Elle cherche «un homme mûr» pour s'occuper d'elle «pour les dépenses de la vie courante». Inscrite sur le site sugardaddy.fr, qui fait l'objet d'une enquête de la justice française, Isabelle, 32 ans, s'est vite vu proposer de l'argent contre du sexe.

Présenté comme un service «de petites annonces de rencontre et de dialogue entre personnes de plus de 18 ans», le site sugardaddy.fr propose de mettre en relation de jeunes femmes qui «veulent se faire dorloter» et des hommes mûrs et «riches».

Il fait l'objet d'une enquête préliminaire pour «proxénétisme en bande organisée» à Paris, après une plainte de l'association Equipes d'action contre le proxénétisme (EACP) début avril.

Isabelle connait la réputation sulfureuse du site, et s'est inscrite «à l'essai» pour quelques jours. Interrogée par l'AFP, elle admet vouloir rencontrer «un homme qui a des revenus», mais pour une «relation durable».

«Je sais ce que je veux et ce que je ne fais pas», répond-elle quand on l'interroge sur les contreparties qui pourraient lui être demandées. Certaines femmes inscrites «vont au-delà du simple accompagnement à un restaurant», reconnait-elle, espérant «tomber sur quelqu'un de bien, sans aller plus loin».

Mais sur la dizaine de messages déjà reçus, «c'est plutôt du cul qu'ils cherchent», dit-elle. Et certains proposent clairement une rétribution, comme ce gérant d'une société d'informatique qui lui offre 1000 euros mensuels pour une visite hebdomadaire «l'après-midi».

«Plaisirs coquins» contre «plaisir matériel»

D'autres jeunes femmes affichent clairement leur quête d'«un homme qui a de l'argent» et pourra les «gâter», leur «faire des cadeaux». L'une propose ainsi «beaucoup de plaisirs coquins en échange de plaisir matériel».

«Ce site prend de plus en plus d'ampleur», dénonce Elda Carly, présidente d'EACP. «Nous voulons dire que ce n'est pas neutre de se laisser prendre dans ce beau mirage qui consiste à gagner de l'argent avec son corps.»

«Il banalise la vente de son corps. C'est plus facile de s'inscrire que de descendre sur le trottoir ou au coin du bois», accuse-t-elle. «C'est plus décomplexant aussi pour les clients.»

Créé en 2010, sugardaddy.fr revendique 150 000 inscrits. Il n'est pas le seul à proposer des rencontres entre «papas gâteau» et jeunes femmes (parfois jeunes hommes). Le site américain seekingarrangement.com existe depuis quelques mois en France et met en contact des gens qui «recherchent des relations mutuellement avantageuses».

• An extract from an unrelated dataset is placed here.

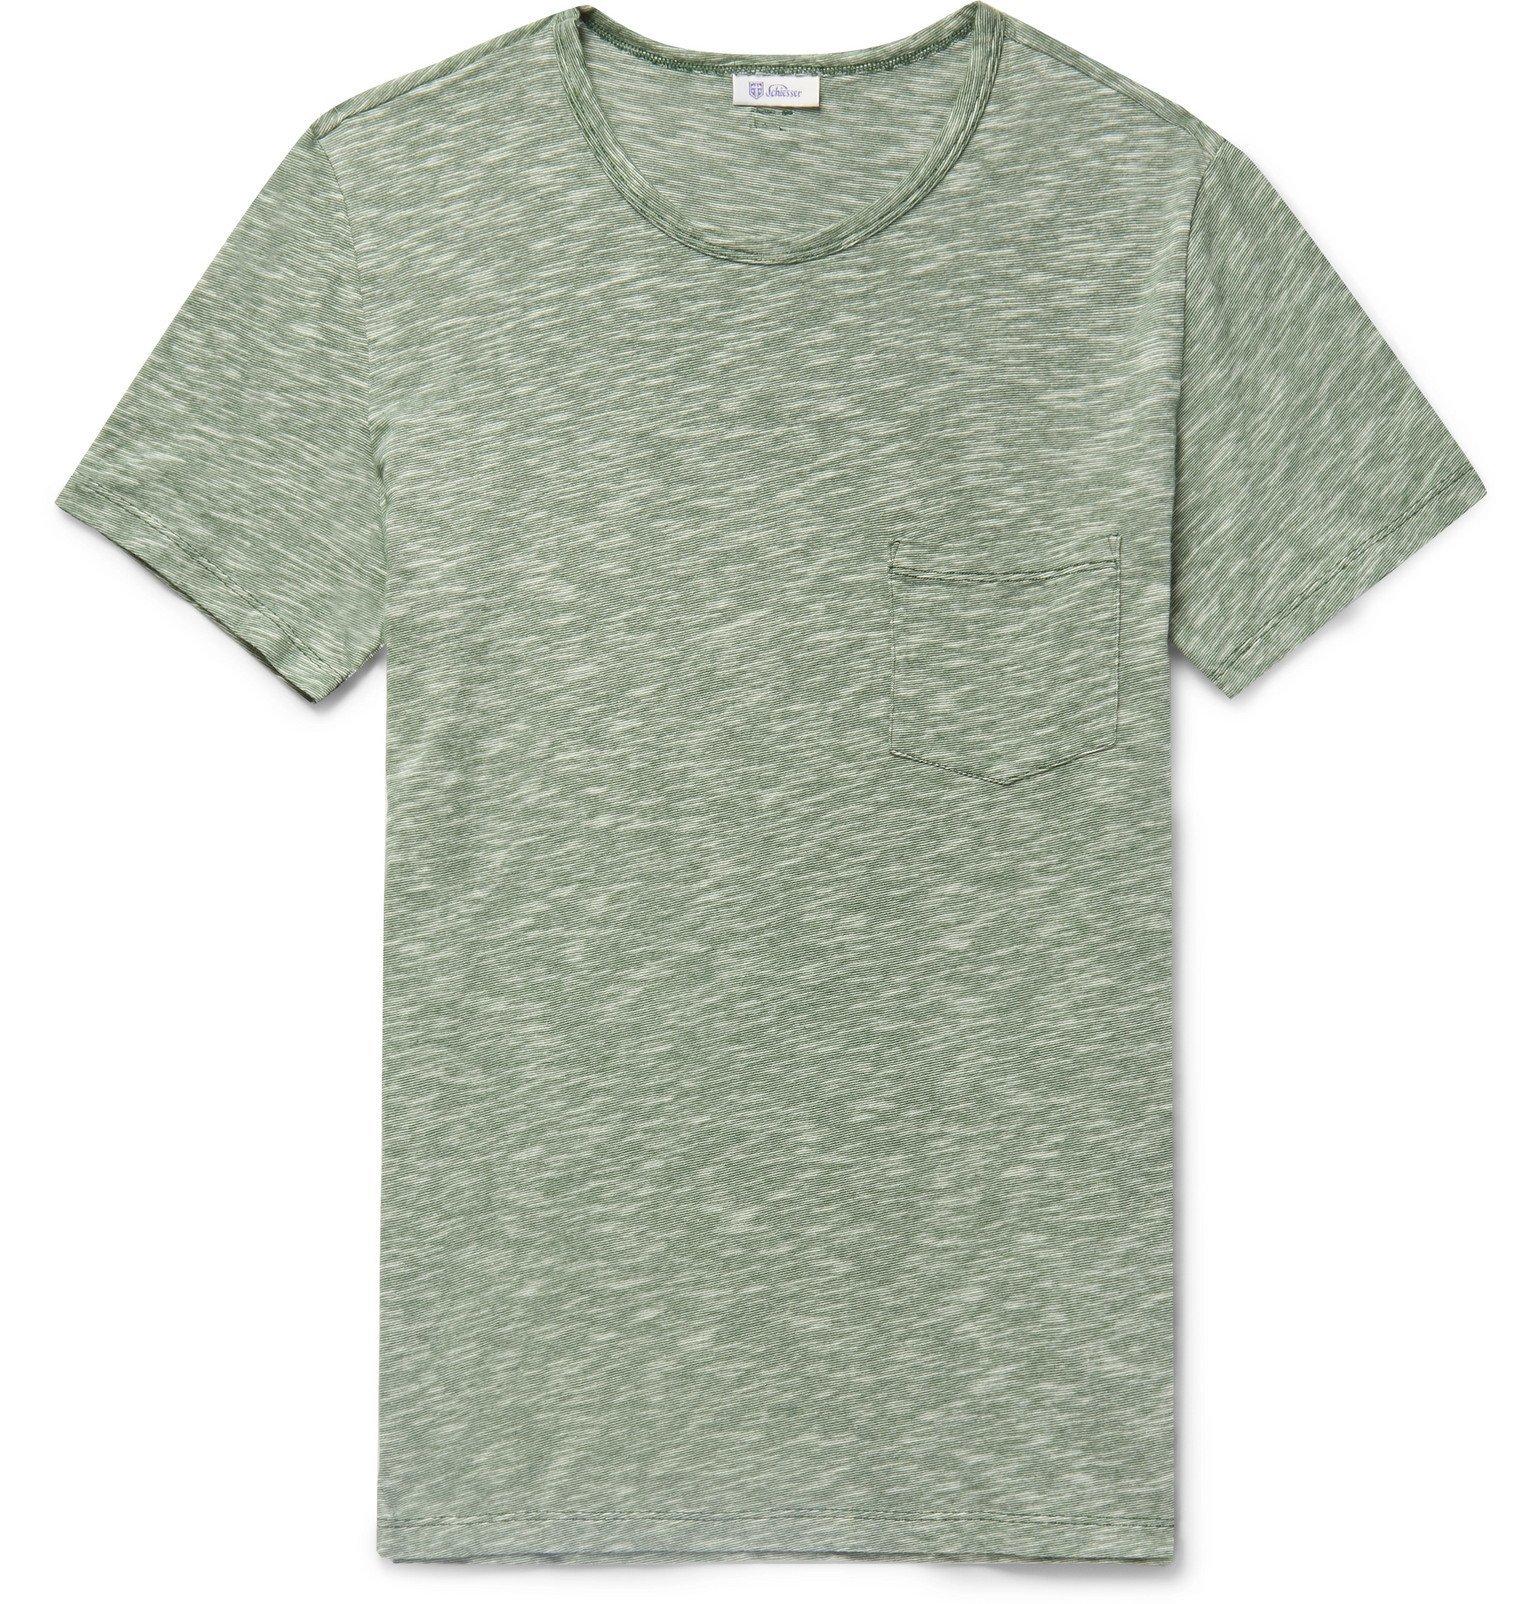 Schiesser - Rudolf Mélange Cotton T-Shirt - Green

Mais un site étranger est plus compliqué à attaquer. D'autant qu'internet «est encore terra incognita pour le parquet, qui poursuit très peu d'infractions commises sur le web», estime Me Henri de Beauregard, avocat d'EACP. C'est pourtant «un terrain de jeu pour les proxénètes».

EACP a déjà porté plainte et fait fermer plusieurs sites d'«escortes», explique-t-il, mais «le lendemain, un autre ouvre, souvent à l'étranger».

«Si condamnation ou procédure judiciaire il y a contre sugardaddy.fr, cela dissuadera peut-être des clients ou des créateurs de sites similaires», espère l'avocat.

Si la prostitution est autorisée en France, le proxénétisme est lui interdit.

«La définition du proxénétisme est large», explique Me de Beauregard: c'est «le fait de faire l'interface entre une proposition de prestation sexuelle et l'achat d'un service sexuel», «de faire de l'argent sur la base d'une prestation sexuelle», et de «faciliter l'exercice de la prostitution d'autrui».

Selon l'avocat, une partie des femmes inscrites sont des «professionnelles». Il en veut pour preuve les photos suggestives de certaines, poitrine en avant, qui se disent ouvertement «escorte» ou «courtisane».

Une jeune femme contactée par l'AFP a reconnu sous couvert d'anonymat être une escorte girl roumaine, et gagner «un peu d'argent» sur le site.

Vincent Veyrat-Masson, cofondateur de Phoenix Corp, qui chapeaute une trentaine de sites de rencontres spécialisés dont sugardaddy.fr, réfute ces accusations: «Notre ligne éditoriale se borne naïvement à prendre le contrepied d'un de nos sites «Cougar Rencontre» - qui cible des rencontres avec des femmes mûres - en proposant cette fois de trouver des hommes mûrs».

Plutôt que de s'attaquer au site, «qu'on s'attaque aux causes de la prostitution, c'est-à-dire la précarité, notamment des étudiants», réclame Thierry Schaffauser, lui-même escorte et militant du Syndicat du travail sexuel. «Le site ne force personne, elles n'ont pas un flingue sur la tempe».